Good move for the Bulls. Now if they get a backup point and resign Brad Miller they'll give anyone a run for their money in the east.


----------



## Bulls42 (Jul 22, 2002)

Good move? They haven't made an offer yet to Brewer. This thread is titled incorrectly. Can someone change it to avoid any confusion?


----------



## Bulls42 (Jul 22, 2002)

This is good news:
http://sports.espn.go.com/nba/news/story?id=5374949
Looks like the Jazz will spend the cap space we gave them on Al Jefferson. 
Hopefully now they will not challenge us on Brewer.


----------



## Bulls42 (Jul 22, 2002)

During Korver's press conference, he said he's been texting Ronnie Brewer to join him and Boozer in Chicago (probably management made him). Hope it happens.


----------



## Dornado (May 26, 2003)

Why would you say that management probably made him? He's probably just recruiting a guy he's had a chance to play with... doesn't seem out of the ordinary to me.


----------



## mo76 (Jun 13, 2003)

VanillaPrice said:


> Good move for the Bulls. Now if they get a backup point and resign Brad Miller they'll give anyone a run for their money in the east.

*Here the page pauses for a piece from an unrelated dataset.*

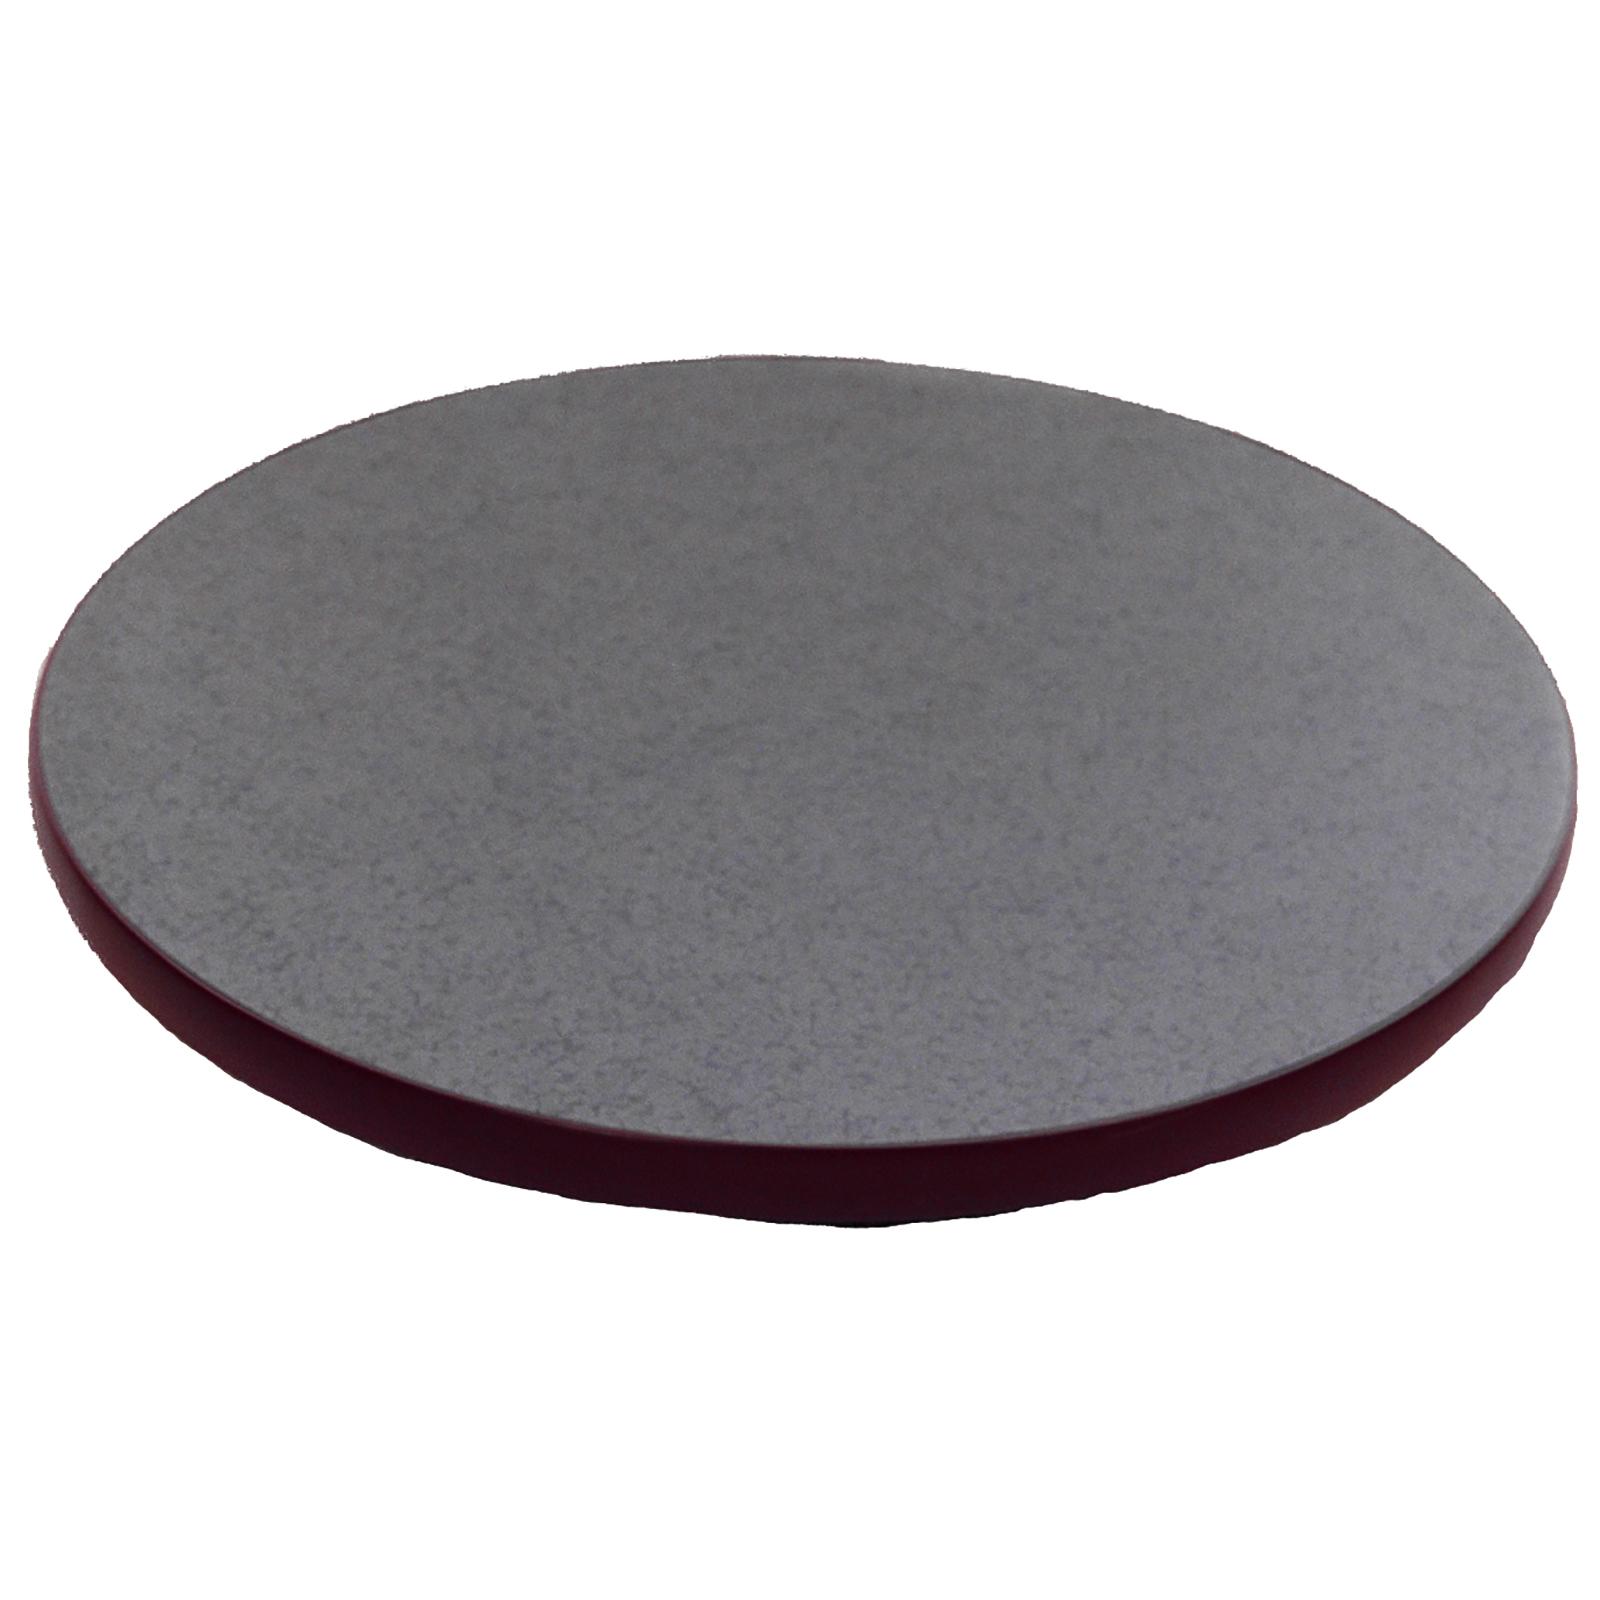 Oak Street CTM3042-2 table top, laminate
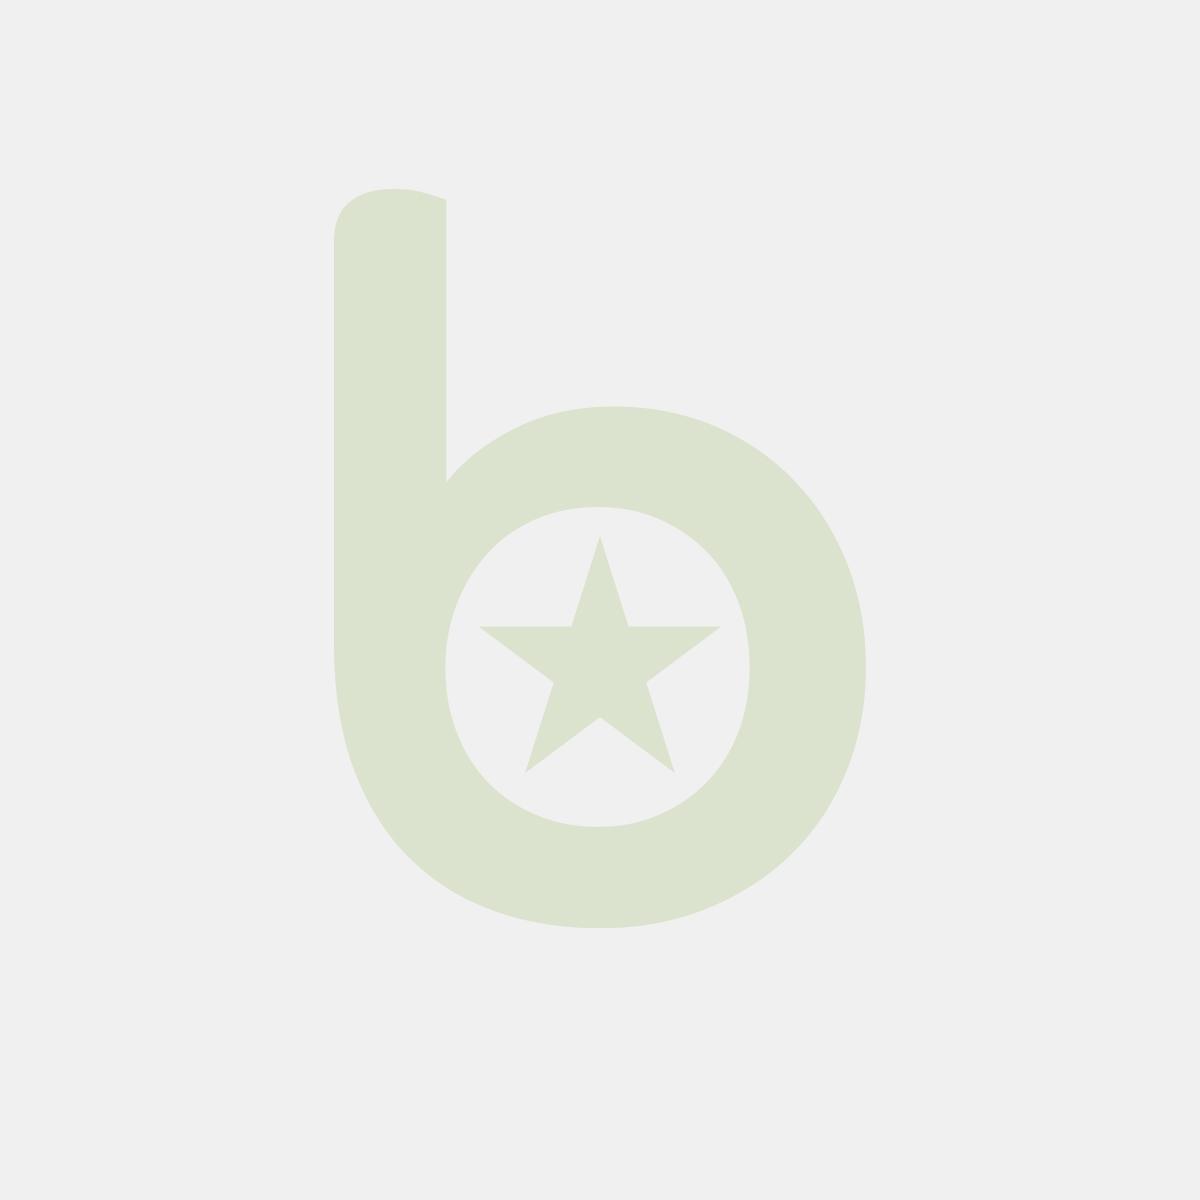 Reklamówki biodegradowalne eko 27/7/50 zgodnie z normą EN 13432:2002 op. 500 sztuk

They couldn't put up a serious fight against the lebron+cavs team. Ronnie Brewer would be a nice aquisition for any team but..............


----------



## caseyrh (Jun 10, 2003)

mo76 said:


> They couldn't put up a serious fight against the lebron+cavs team. Ronnie Brewer would be a nice aquisition for any team but..............


First of all we did put up a fight against the Cavs.

Second this is a completeley different team. We had no depth, no shooters, no interior presence. We added Boozer, great shooters, and will undoubtedly continue to add more depth.

Third: Ah well, I garee we will be big underdogs to the Heat. 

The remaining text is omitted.